Four RFC documents define Base64 encoding and its applications. RFC 4648 is the primary specification. The other 3 RFCs define Base64 usage within specific protocols: email (MIME), JSON Web Signatures, and OpenPGP.

RFC	Title	Year	Scope
RFC 4648	The Base16, Base32, and Base64 Data Encodings	2006	Primary specification. Defines standard Base64 (Section 4), URL-safe Base64 (Section 5), Base32 (Section 6), and Base16 (Section 8).
RFC 2045	MIME Part One: Format of Internet Message Bodies	1996	Defines Base64 as a Content-Transfer-Encoding for email. Specifies 76-character line wrapping with CRLF line endings.
RFC 7515	JSON Web Signature (JWS)	2015	Uses base64url encoding (RFC 4648 Section 5) for JWT header and payload segments. Omits padding by default.
RFC 4880	OpenPGP Message Format	2007	Uses Radix-64 encoding (a Base64 variant) with a 24-bit CRC checksum appended after the encoded data.

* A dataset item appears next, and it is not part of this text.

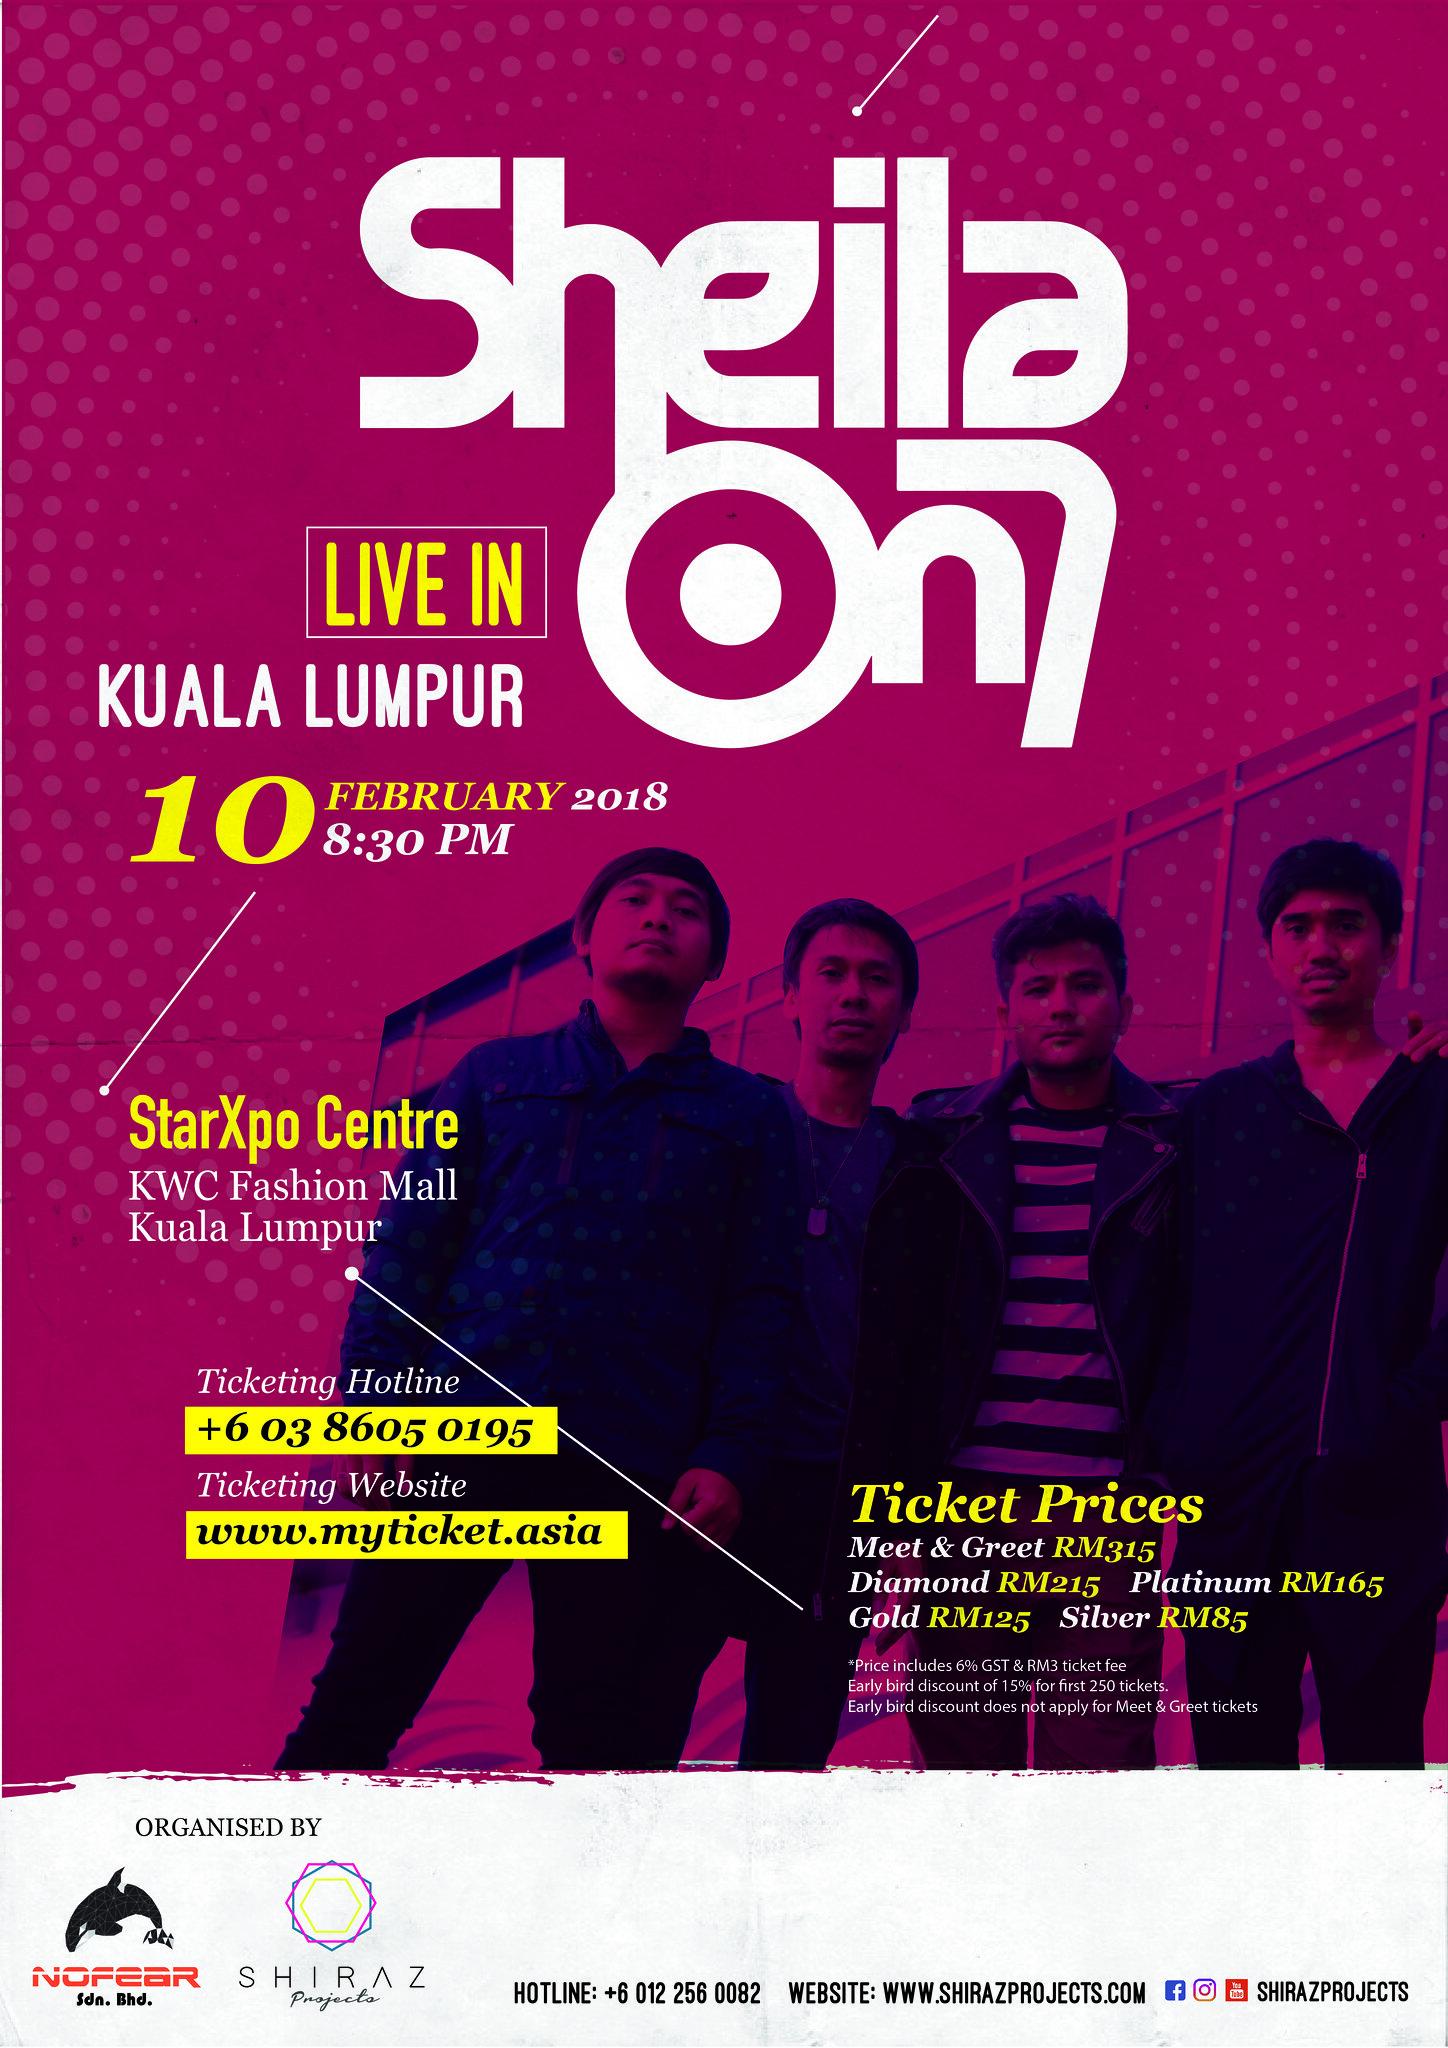 SHEILA ON 7- Live In Kuala Lumpur 2018

RFC 4648 superseded earlier specifications including RFC 3548 (2003) and RFC 2045 (1996) as the authoritative reference for Base64 encoding. The URL-safe variant (Section 5) was first standardized in RFC 4648, addressing the incompatibility of + and / with URL encoding.

Frequently Asked Questions

Is Base64 encoding the same as encryption?

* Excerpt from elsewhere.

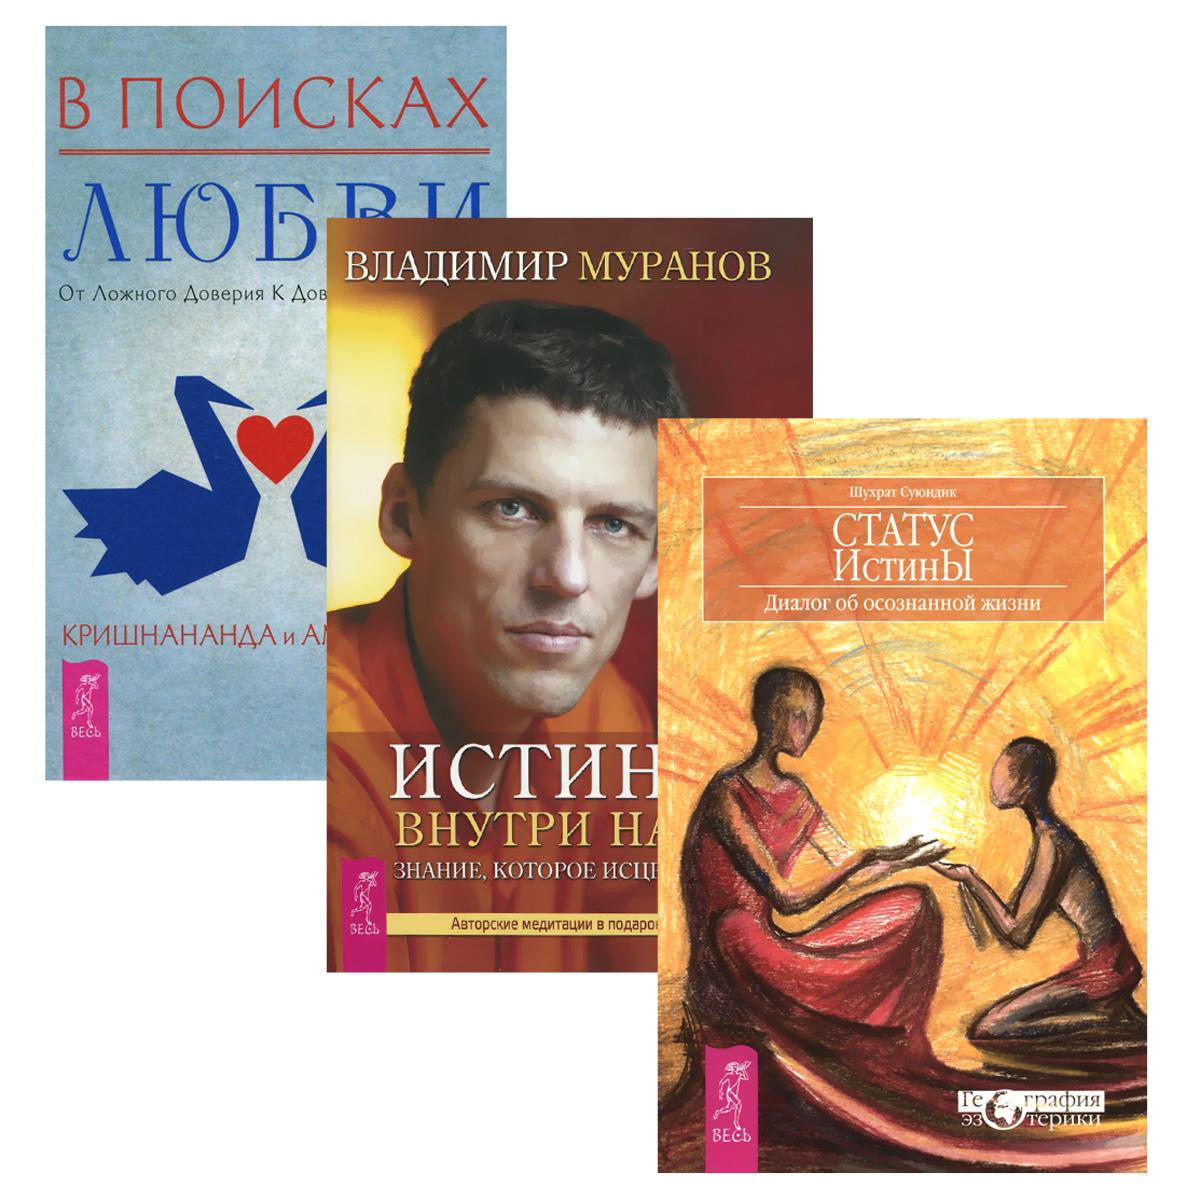 В поисках любви. Истина внутри нас. Статус истины (+ CD-ROM; количество томов: 3)

No. Base64 is a reversible encoding scheme, not encryption. Any person or program can decode a Base64 string back to the original binary data without a key. Base64 provides zero confidentiality. For data protection, use encryption algorithms such as AES-256 or RSA.

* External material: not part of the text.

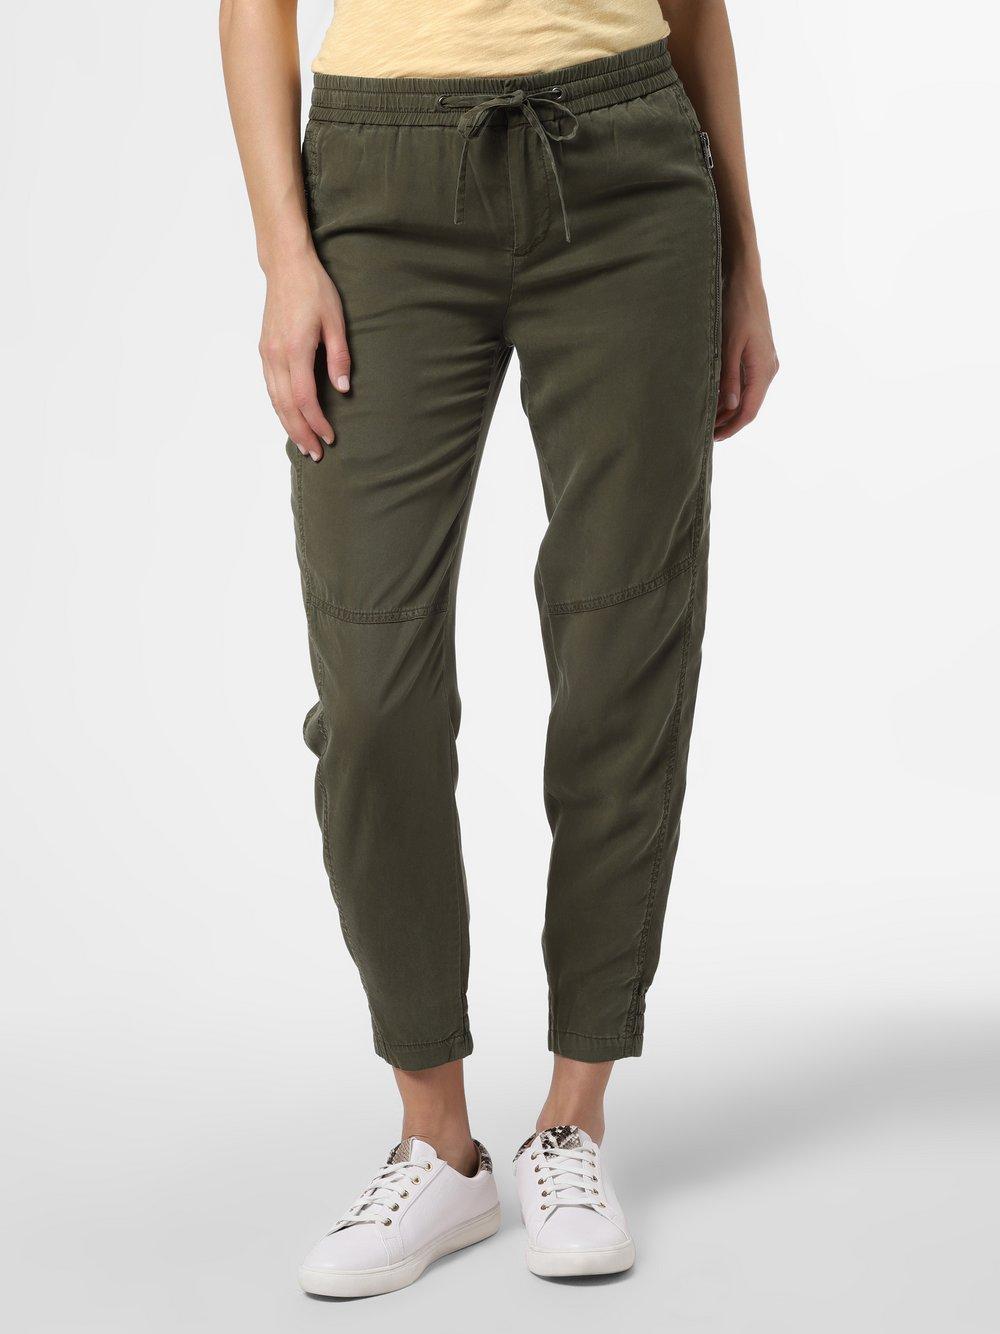 Marc O'Polo - Spodnie damskie, zielony

Why does Base64 increase file size by 33%?

Base64 represents every 3 input bytes (24 bits) as 4 output characters (6 bits each). The ratio 4/3 equals approximately 1.333, producing a 33.3% size increase. Additional overhead comes from padding characters and, in MIME encoding (RFC 2045), line breaks every 76 characters.

Can Base64 encode any type of file?

Yes. Base64 operates on raw bytes, so it encodes any binary data: images (PNG, JPEG, GIF, WebP), PDFs, audio files, video files, executables, ZIP archives, and plain text. The encoded output is always a printable ASCII string regardless of the input format. Encode files using the image encoder or text encoder.

What is the maximum size for Base64 encoding?

No theoretical maximum exists in the Base64 specification (RFC 4648). Practical limits depend on the application: browser JavaScript engines typically handle strings up to 512MB, data URIs in CSS have browser-specific limits (Chrome allows approximately 2MB), and email systems using MIME often cap attachments at 25MB before encoding.

Is Base64 encoding reversible?

Yes. Base64 encoding is fully reversible and lossless. Decoding a Base64 string always produces the exact original binary data, byte for byte. The process is deterministic: the same input always produces the same output, and decoding always recovers the same input. Test this using the Base64 text decoder.